We ask ourselves, Who am I to be brilliant, gorgeous, talented, fabulous?

Actually, who are you not to be?

You are a child of God ... We were born to make manifest the glory of God that is within us. It's not just in some of us; it's in everyone. And as we let our own light shine, we unconsciously give other people permission to do the same. As we are liberated from our own fear, our presence automatically liberates others."

-Marianne Williamson (italics added)

What Ms. Williamson implies, though does not state outright, is that, in order for the light in others to shine though, we must be able to see and recognize and honor that light. Yes, we are commanded to abandon our fear and our guilt and to become holy. And, as we do this, we must stop and notice the light in everyone around us. Through these two acts, we can fulfill the first of this week’s commandments – to become holy, for Adonai our God is holy.

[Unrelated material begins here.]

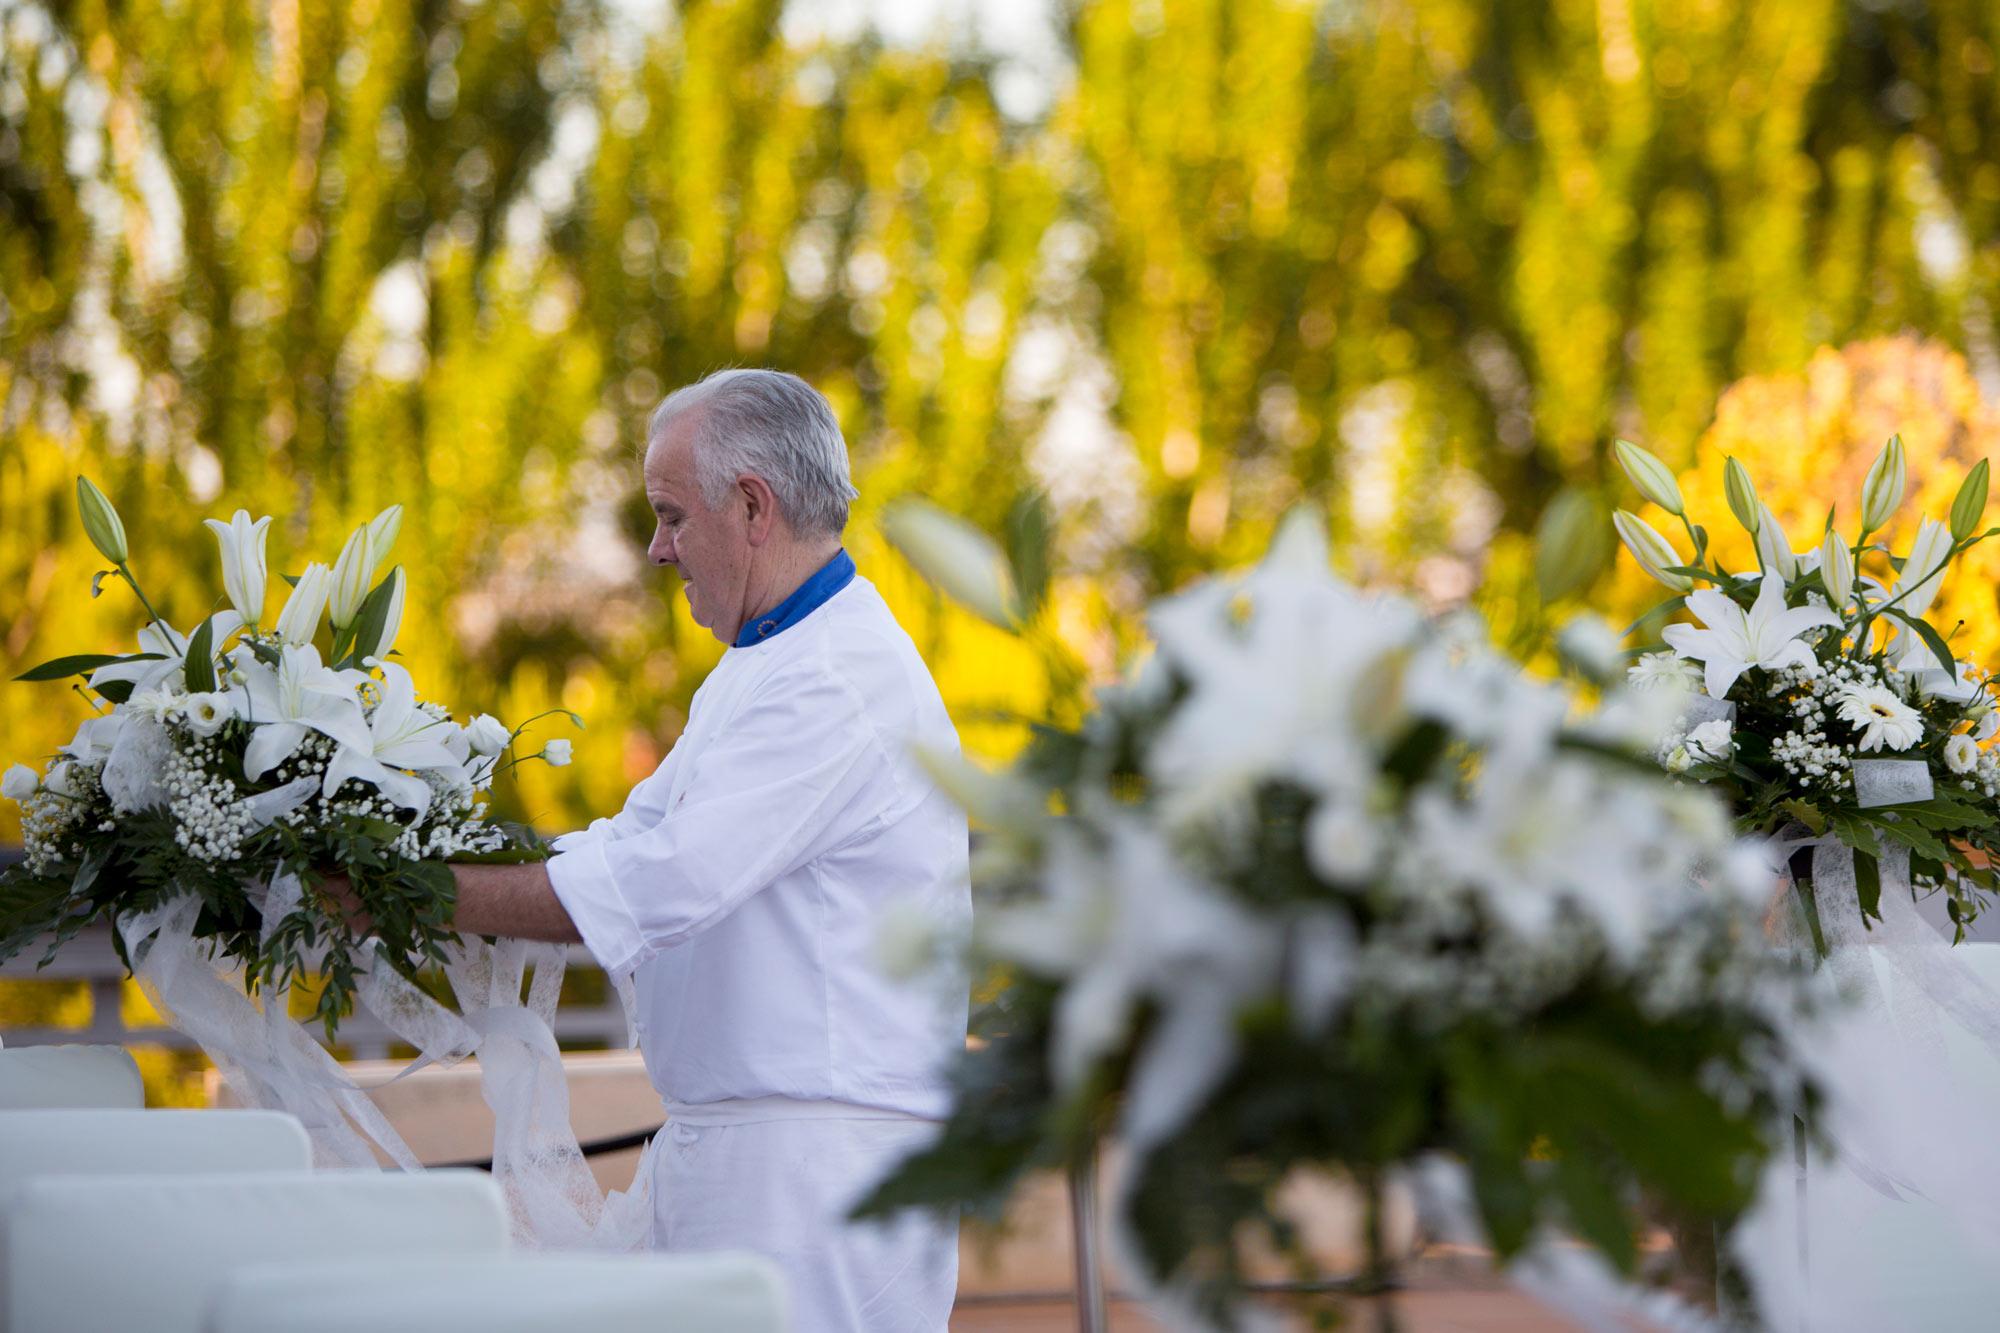 Boda 4 - lorenzo poniendo flores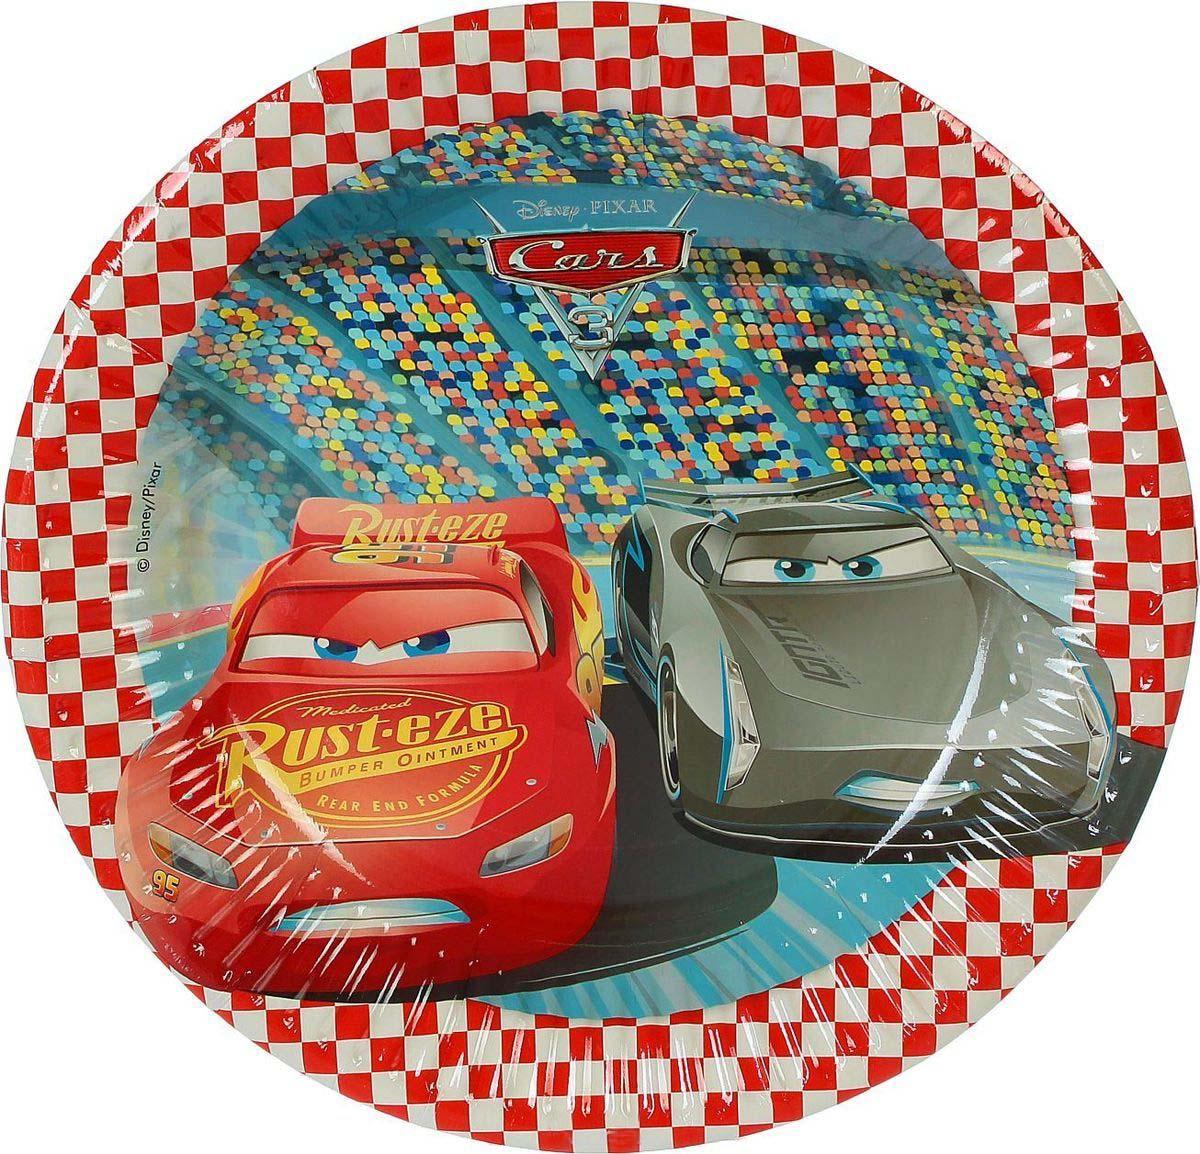 Набор тарелок – Тачки 3, 8 штукТачки<br>Набор тарелок – Тачки 3, 8 штук<br>

During this time of the Omer, this time of preparation between The Festival of Freedom and the Festival of the Giving of the Law, I pray we find the wholeness and the holiness within us and within others.


Shabbat Shalom

Yvonne Asher


Yvonne Asher received her Masters of Jewish Education from the Jewish Theological Seminary and is a doctoral student in clinical psychology at Suffolk University.